━━━━━ Input data

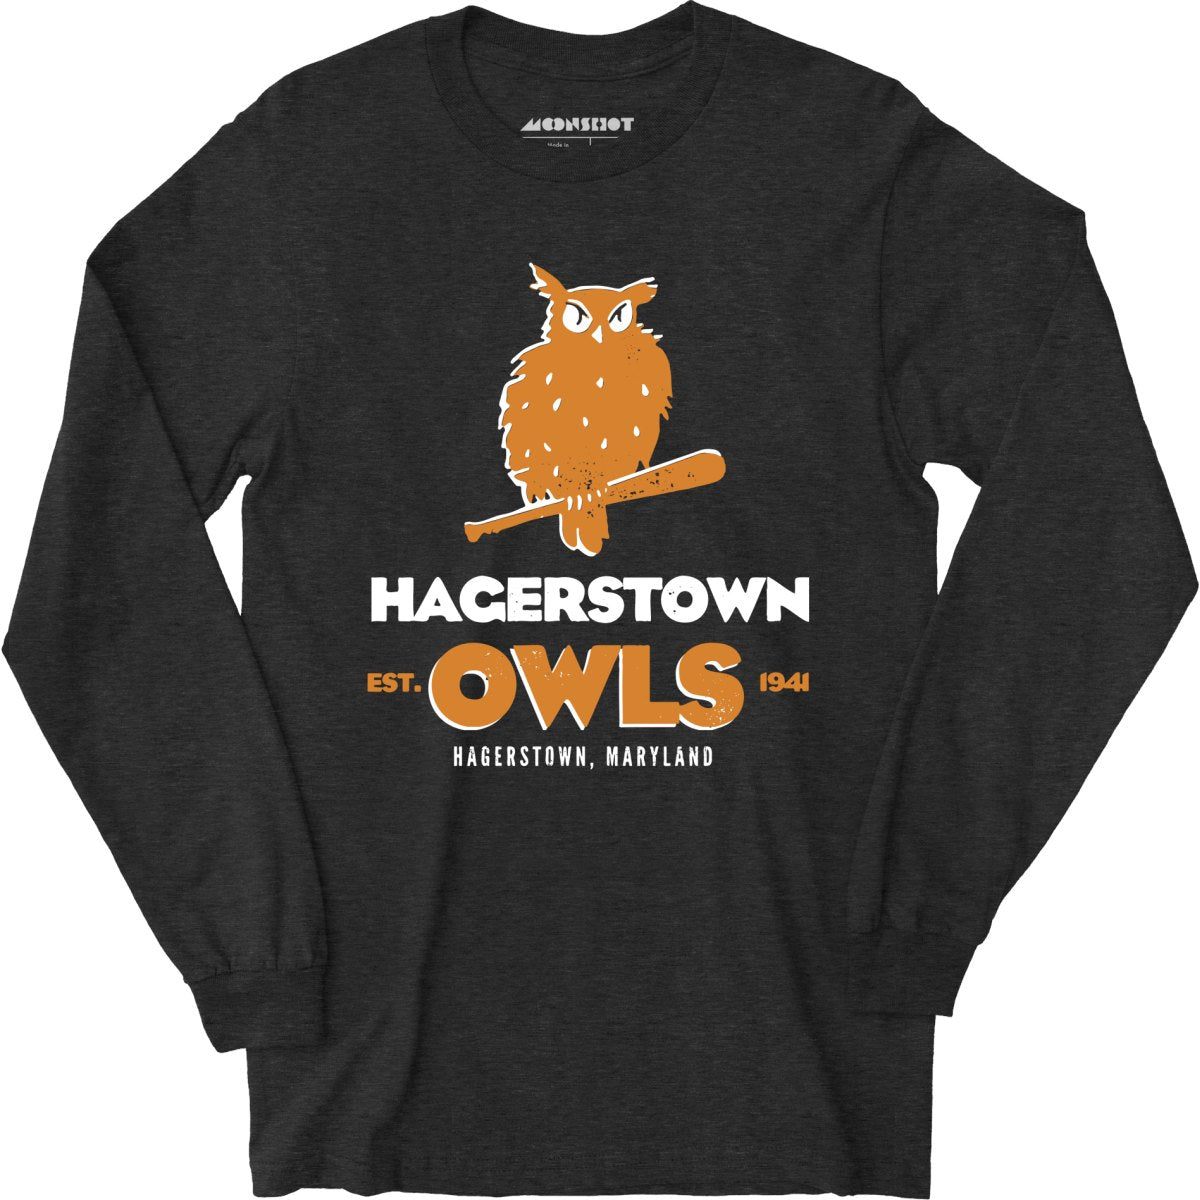 Hagerstown Owls - Maryland - Vintage Defunct Baseball Teams - Long Sleeve T-Shirt
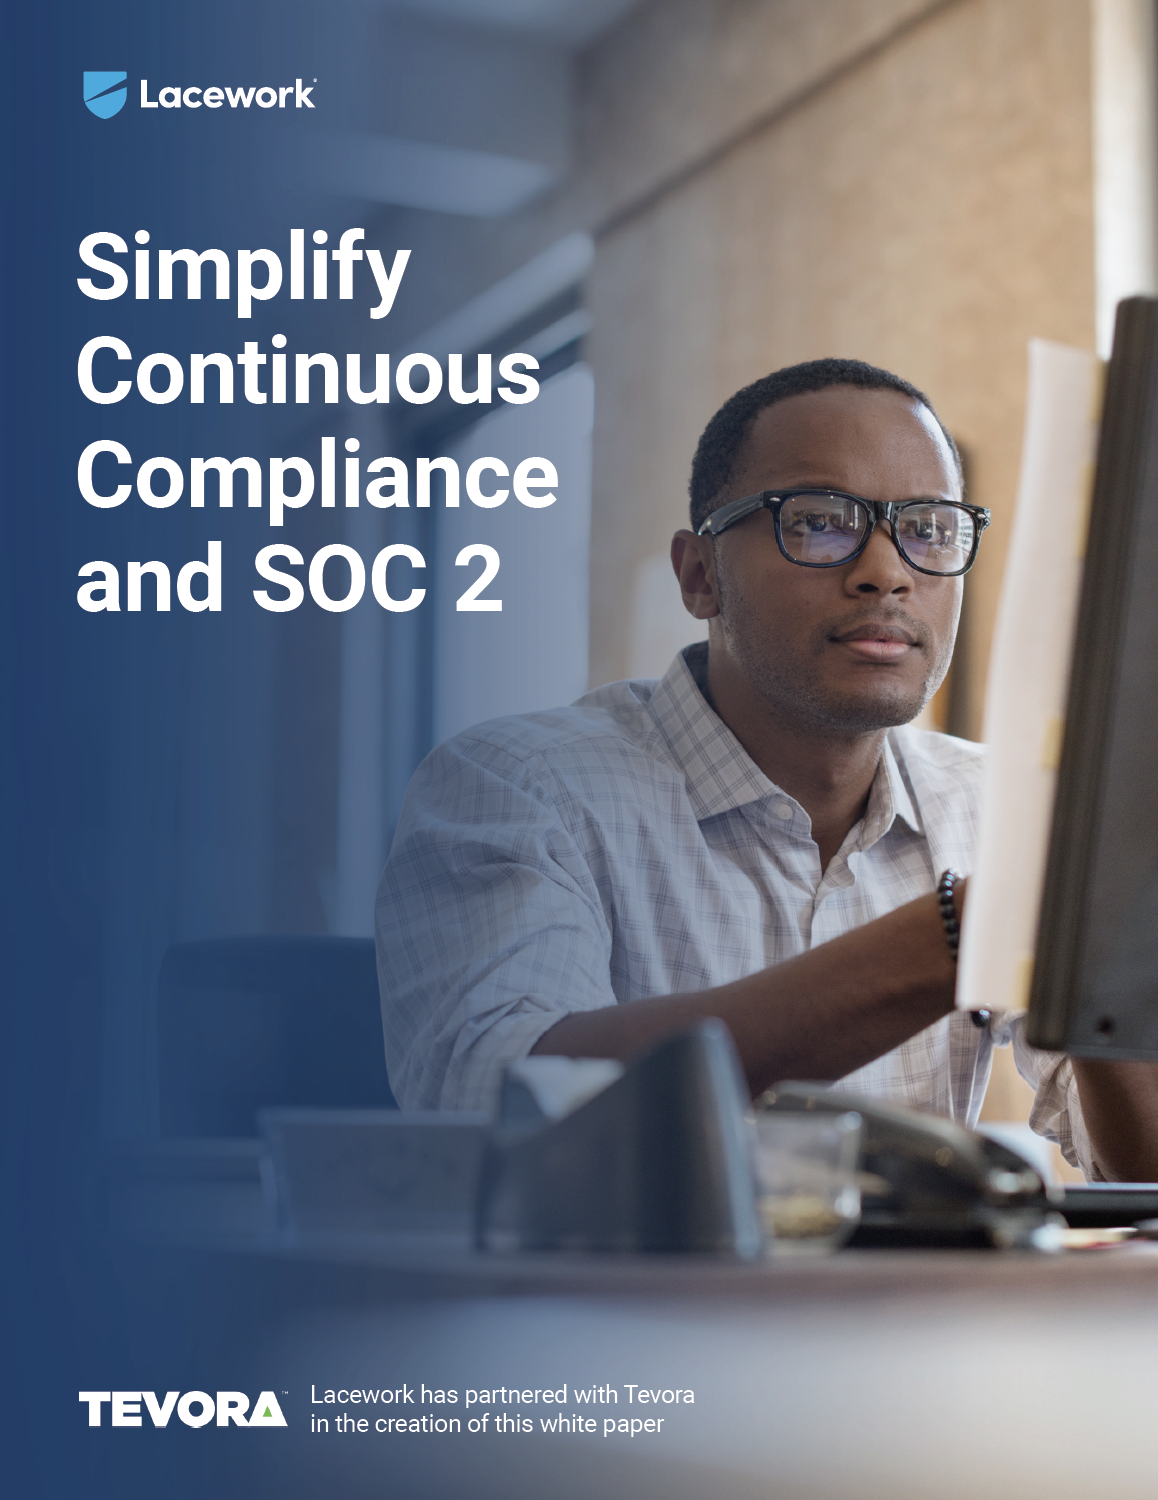 Tevora-Simplify-Continuous-Compliance-SOC2.png
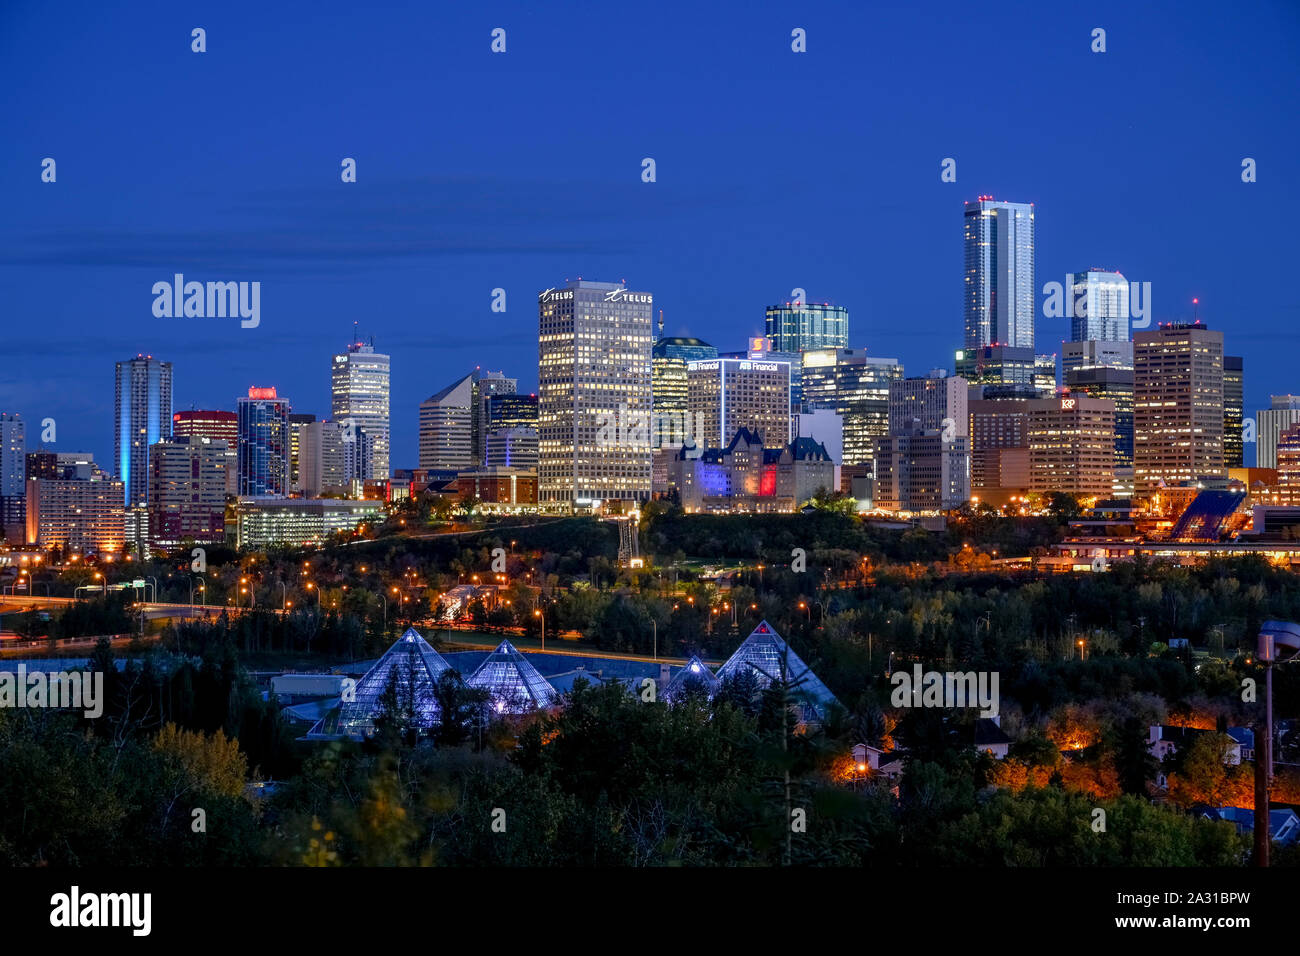 Edmonton skyline at night, Edmonton, Alberta, Canada Banque D'Images
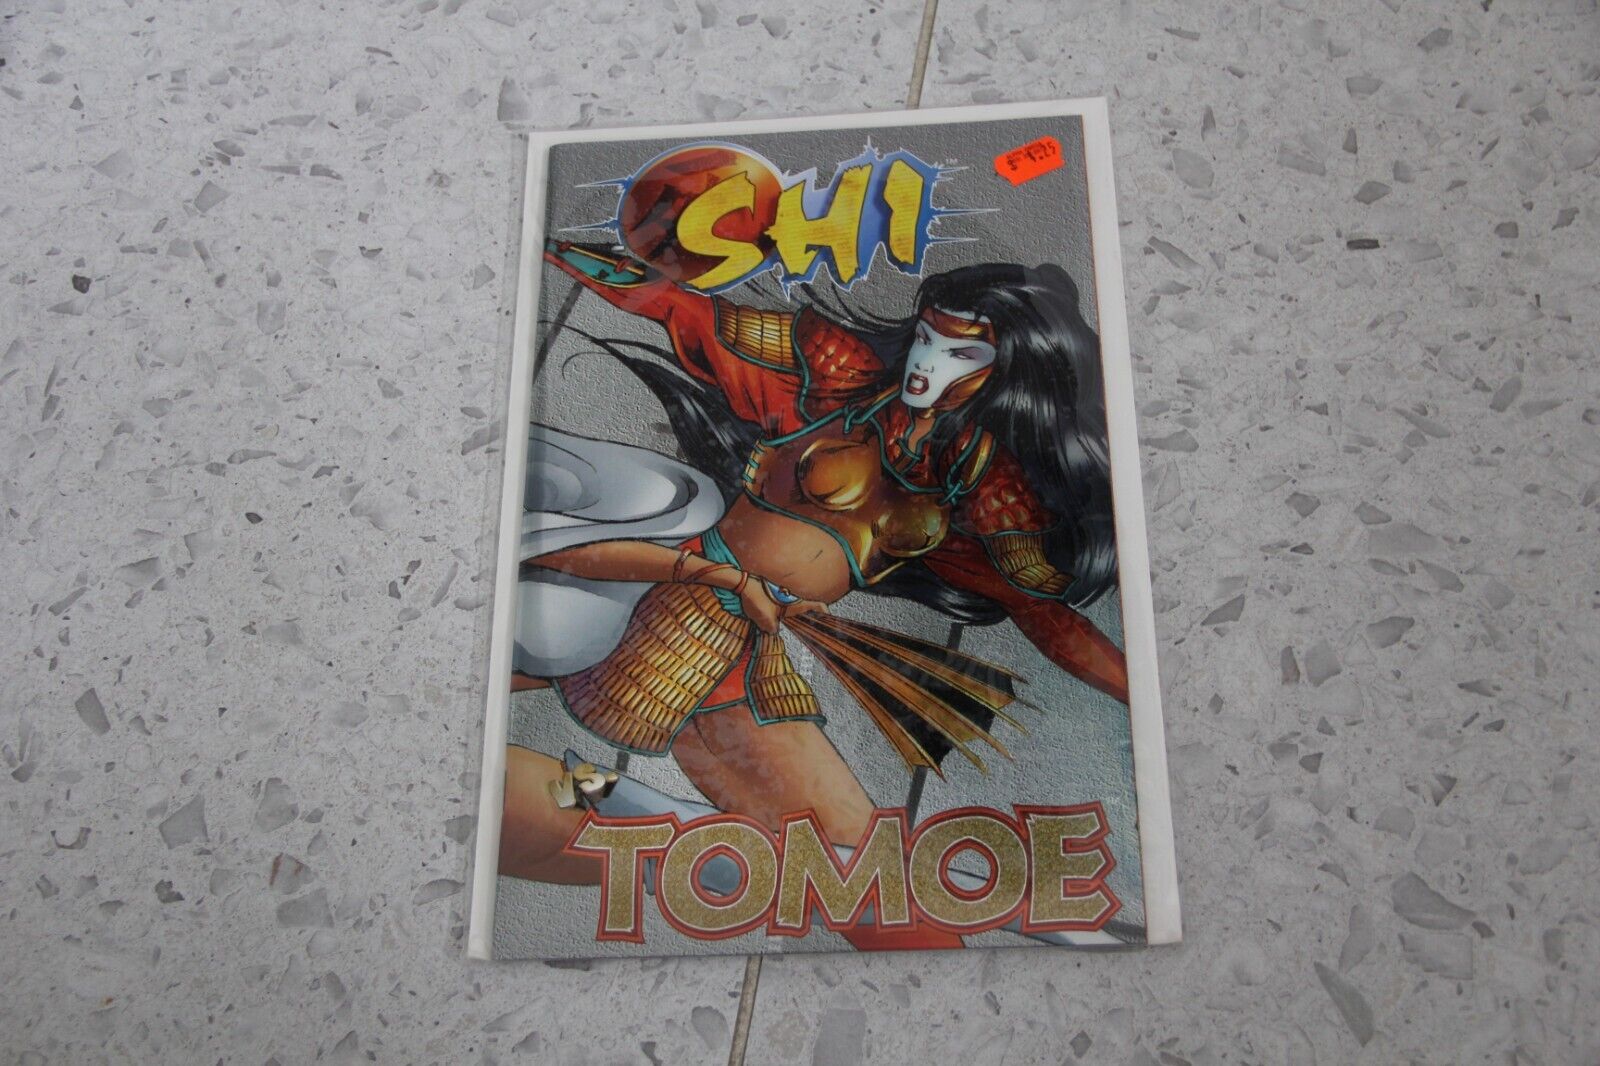 SHI vs TOMOE Crusade Comic Book * CHROMIUM COVER

━━━━━━━━━━

▸ **Work item**: An exact copy of the listing is needed, minus its pictures.

▸ **Solution to this exercise**:
 Hagerstown Owls - Maryland - Vintage Defunct Baseball Teams - Long Sleeve T-Shirt
 Tevora-Simplify-Continuous-Compliance-SOC2.png
 Edmonton skyline at night, Edmonton, Alberta, Canada Banque D'Images
 SHI vs TOMOE Crusade Comic Book * CHROMIUM COVER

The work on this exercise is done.